Guidelines and Limitations for Access Control Rules

  • If you edit an access control rule that is actively in use, the changes do not apply to established connections at deploy-time. The updated rule is used to match against future connections. However, if the system is actively inspecting a connection (for example, with an intrusion policy), it will apply changed matching or action criteria to existing connections.

    For threat defense, you can ensure that your changes apply to all current connections by using the threat defense clear conn CLI command to end established connections. Note that you should only do this if it is acceptable to end those connections, on the assumption that the sources for the connections will then attempt to reestablish the connection and thus be matched appropriately against the new rule.

  • VLAN tags in access rules only apply to inline sets; they cannot be used in access rules applied to firewall interfaces.
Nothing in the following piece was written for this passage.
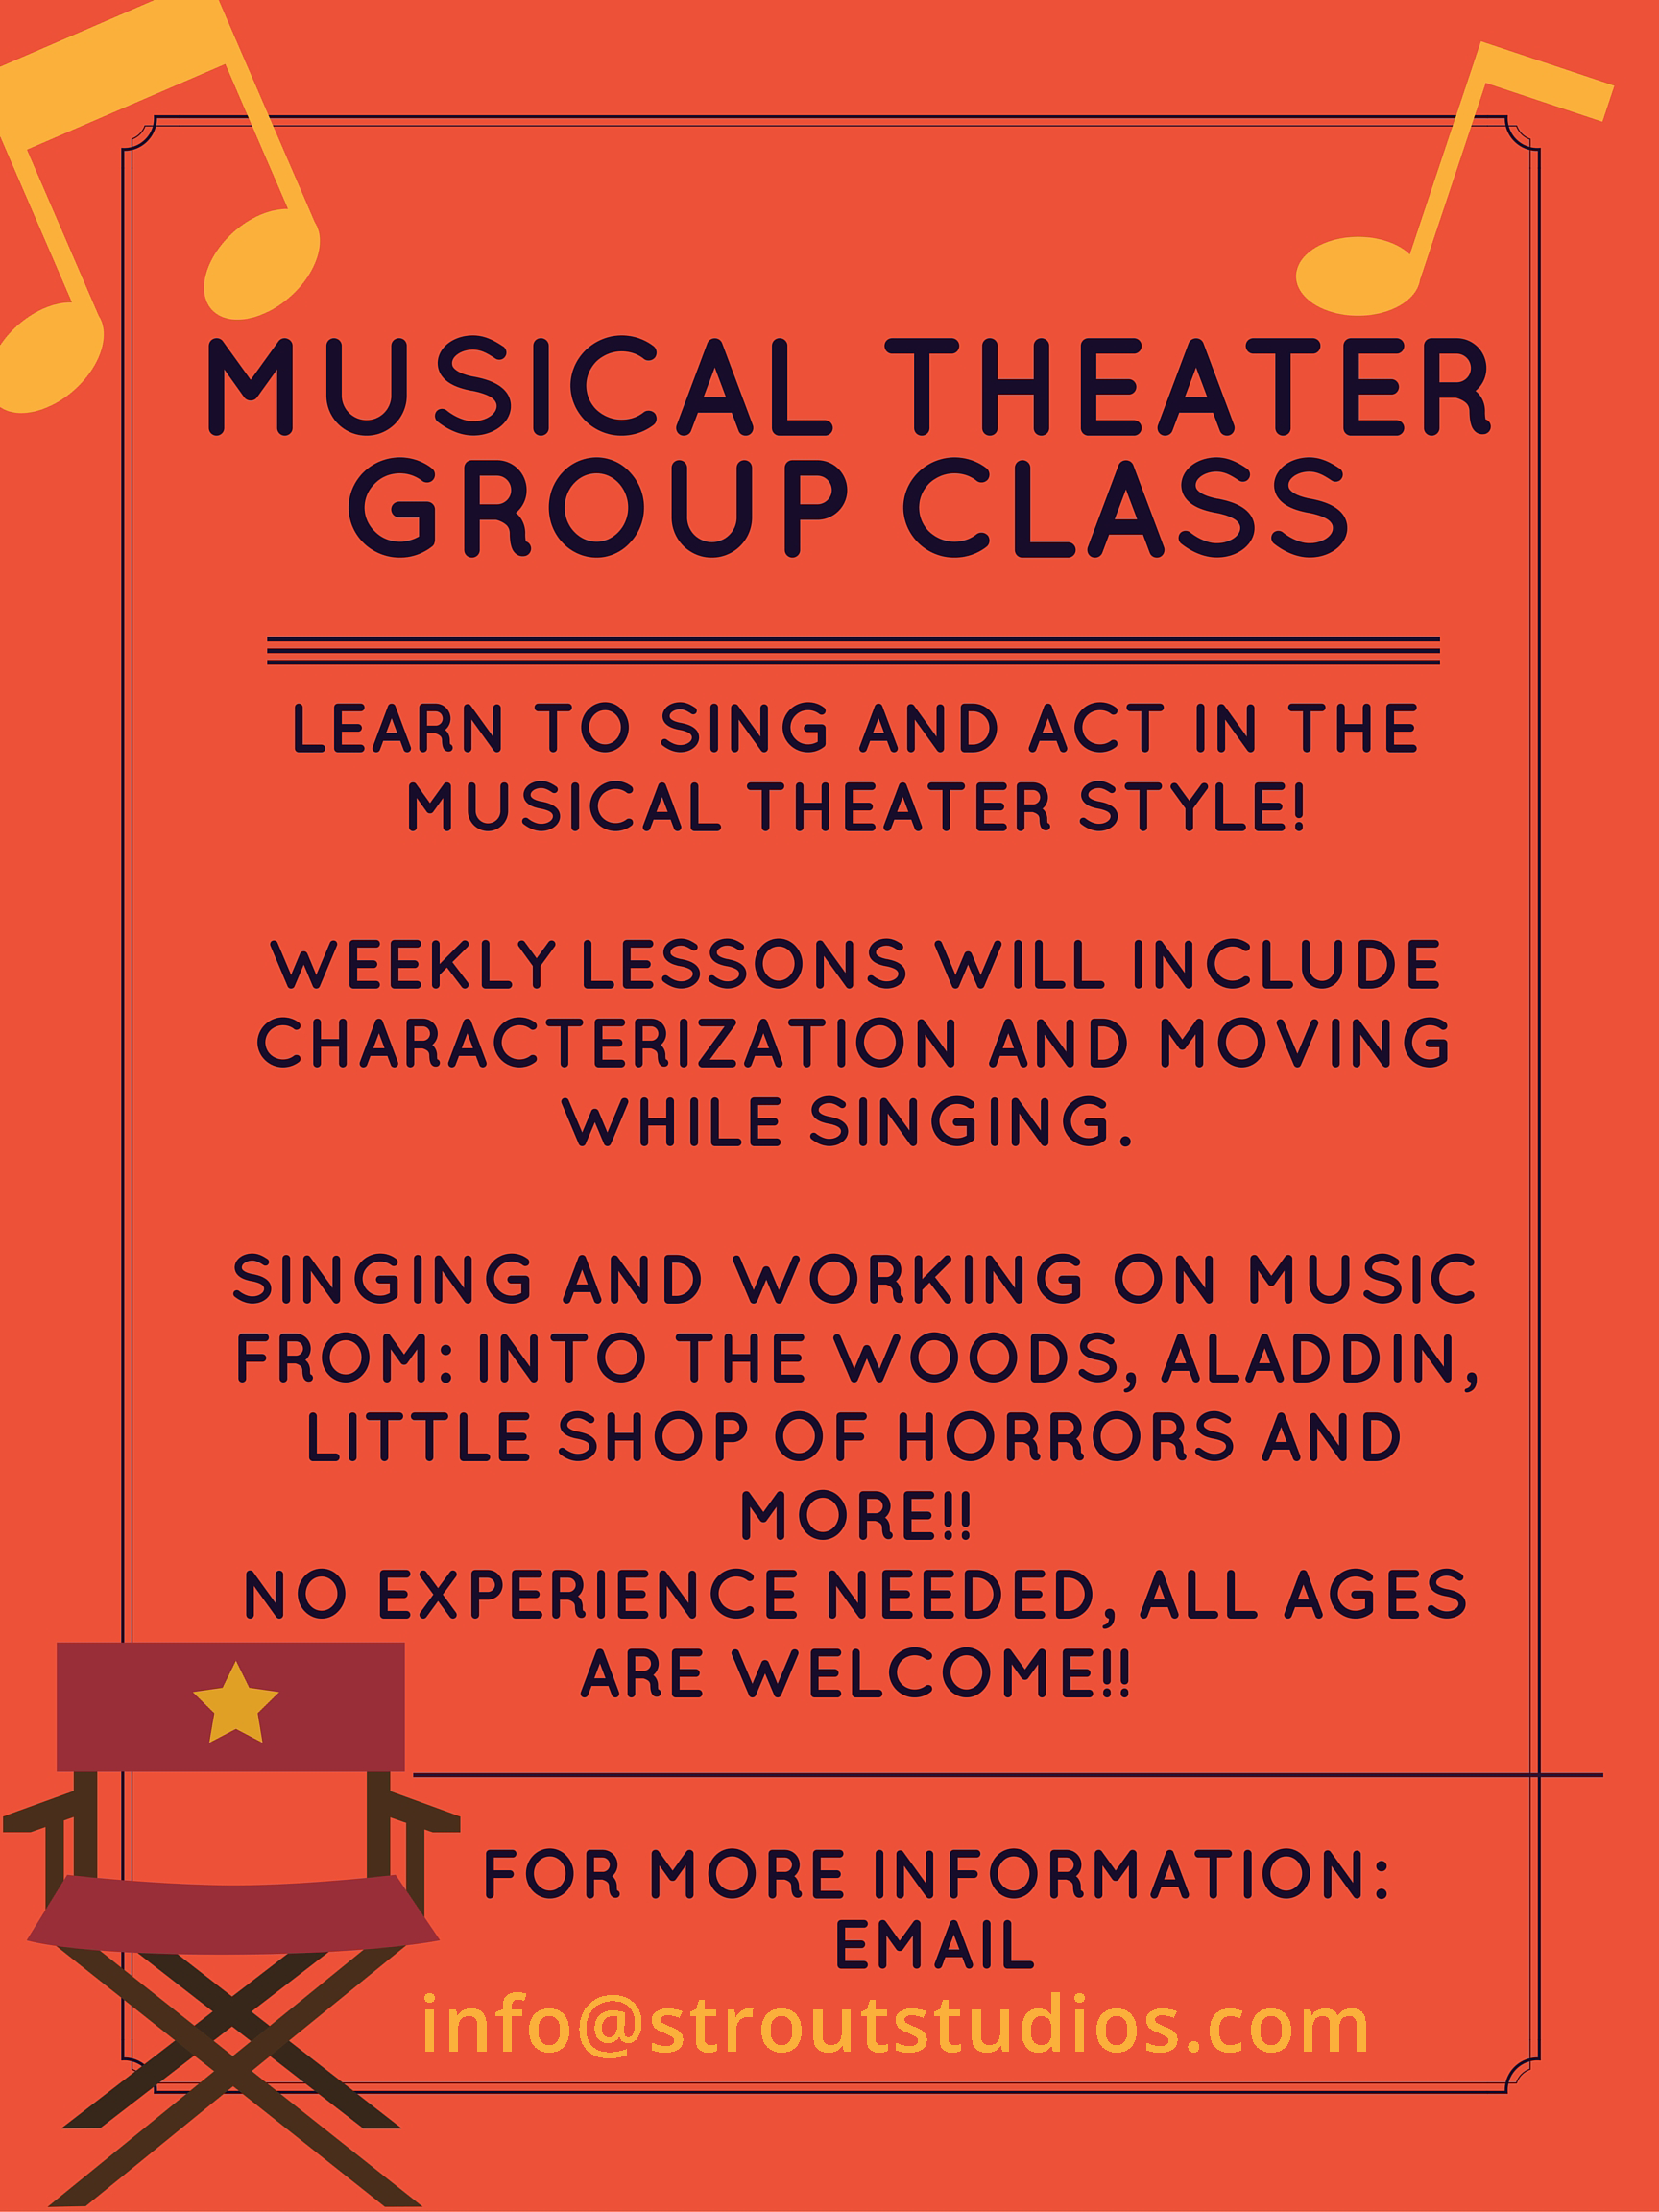 MUSICAL THEATER GROUP CLASS

  • To use fully-qualified domain name (FQDN) network objects as source or destination criteria, you must also configure DNS for the data interfaces in the platform settings policy. The system does not use the management DNS server setting to do lookups for FQDN objects used in access control rules.

    Note that controlling access by FQDN is a best-effort mechanism. Consider the following points:

    • Whenever possible, use Security Intelligence or URL filtering instead of FQDN rules.

    • Because DNS replies can be spoofed, only use fully trusted internal DNS servers.

    • Some FQDNs, especially for very popular servers, can have hundreds if not thousands of IP addresses, and these can frequently change. Because the system uses cached DNS lookup results, users might get addresses that are not yet in the cache, and their connections will not match the FQDN rule. Rules that use FQDN network objects function effectively only for names that resolve to fewer than 100 addresses.

      We recommend that you do not create network object rules for an FQDN that resolves to more than 100 addresses, as the likelihood of the address in a connection being one that has been resolved and available in the DNS cache on the device is low. For these cases, use a URL-based rule instead of an FQDN network object rule.

    • For popular FQDNs, different DNS servers can return a different set of IP addresses. Thus, if your users use a different DNS server than the one you configure, FQDN-based access control rules might not apply to all IP addresses for the site that are used by your clients, and you will not get the intended results for your rules.

    • Some FQDN DNS entries have very short time to live (TTL) values. This can result in frequent recompilation of the lookup table, which can impact overall system performance.

    • If more than 8 FQDNs resolve to the same IP address, the system cannot reliably match traffic to the rules for those FQDN. At most 8 FQDNs per IP address can be handled.

  • The maximum objects per match criteria per access control rule is 200. For example, you can have up to 200 network objects in a single access control rule.